Safety Advisory Group says Government must act on rising seat belt deaths

Safety Advisory Group says Government must act on rising seat belt deaths

The Independent Parliamentary Advisory Council for Transport Safety (PACTS) is asking the UK Government to act on the growing number of people dying in car accidents as a result of not wearing a seat belt.

The seat belt is probably the single most effective road safety measure of all, and it has been compulsory to wear them for the last 40 years.
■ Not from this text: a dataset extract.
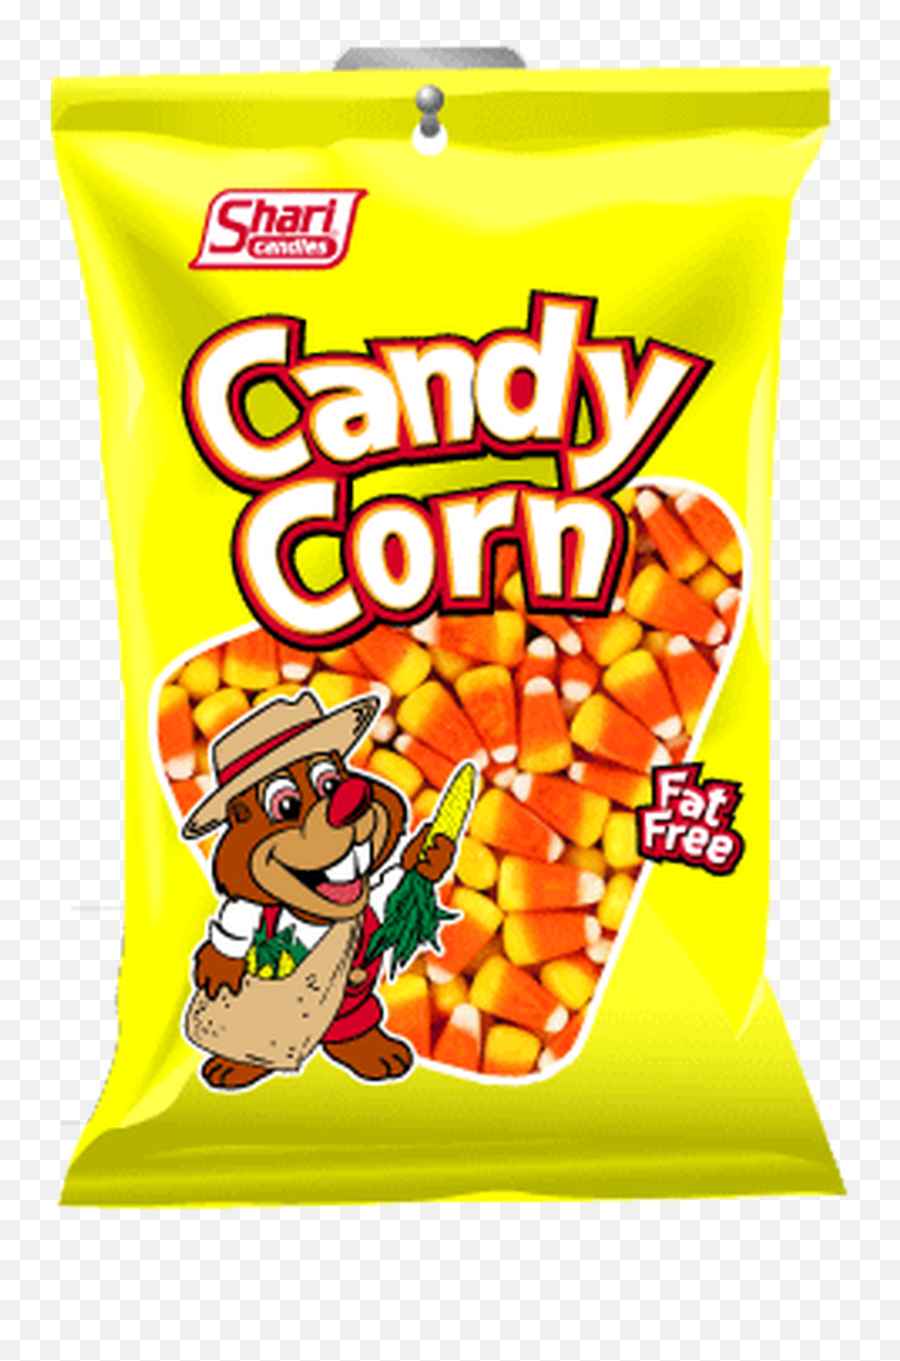 Candy Corn - Shari Candy Corn Oz Png,Candy Corn Transparent

In a briefing released last month, PACTS research has shown that:

  • 30% of people who died in cars in 2021 were not wearing a seat belt. This is the highest percentage since modern records started. This amounts to over 200 deaths and many more serious injuries.
  • Wearing a seat belt halves the chance of dying in a collision. It remains one of the most effective ways to protect occupants of cars during collisions, even in modern cars with airbags.
  • Those aged 17-34 are the least likely to wear a seat belt, but the most likely to crash.
  • Failing to wear a seat belt incurs no penalty points, unlike the other Four Fatal Safety offences of speeding, mobile phone use, drink and drug driving. The current penalty for not wearing a seat belt, if issued a Fixed Penalty Notice, is £100, with a maximum penalty of £500 if taken to court, unchanged since 2012.
  • Of the 682 people who died in collisions in cars in Great Britain in 2021, an estimated 30% were not wearing a seat belt.
  • 95% of front seat occupants and 92% of rear seat occupants wear seat belts.
  • Research also shows a marked increase in seat belt wearing for those vehicles fitted with automatic seat belt reminders.
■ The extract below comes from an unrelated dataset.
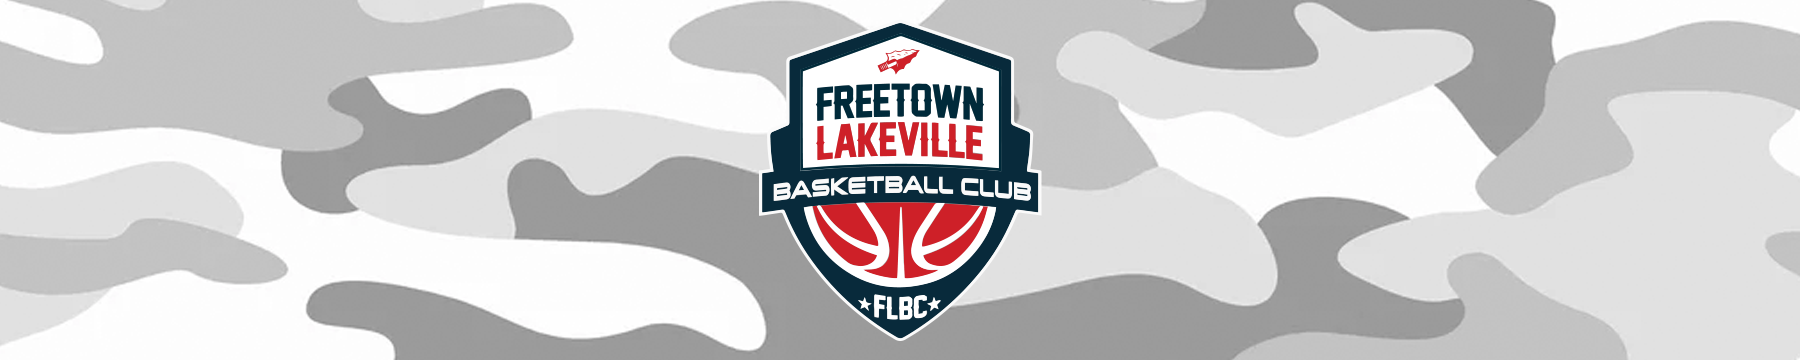 Freetown Lakeville Basketball Club

PACTS has been attempting to draw attention to this blind spot in government road safety policy. The 2021 data suggests that the issue is getting worse.

They have recommended a few actions, including increased penalties, more use of cameras, increased roads policing, better driver education and more effective seat belt reminders.

While technology has advanced, enforcement and penalties have lagged behind.

David Davies, the Executive Director at PACTS, stated: “Over 200 people died in cars last year when not wearing a seat belt. A seat belt halves the probability of death in a crash – but only if it is worn. In national Road Safety Week, PACTS is calling on the government to act to increase seat belt wearing rates and reduce unnecessary death and injury.

“Seat belt wearing has been a legal requirement for 40 years and one of the most important safety measures. It is ridiculous that the government has dithered for so long over introducing penalty points. There is a new generation of cameras that detect seat belt offences. Penalty points are urgently needed to back them up.“

Seat belts not only save lives, but can prevent injuries and reduce the risk of:

  • Whiplash
  • Head injuries
  • Spinal cord injuries
  • Broken bones/fractures

Relying on airbags on their own to protect you may not be enough. According to the National Highway Traffic Safety Administration (NHTSA), the force of an airbag can seriously injure or even kill you if you are not wearing a seat belt.

It also keeps passenger stay in place when inertia is inevitable. When being thrown out of a vehicle or out of a vehicle with such strong force, its almost impossible to avoid a severe injury.

All passengers should wear seat belts, even if you are sitting in the back seat.

To wear your seat belt correctly, you should make sure the seat belt is not twisted, with the lap belt as low as possible so it doesn’t ride up over your stomach.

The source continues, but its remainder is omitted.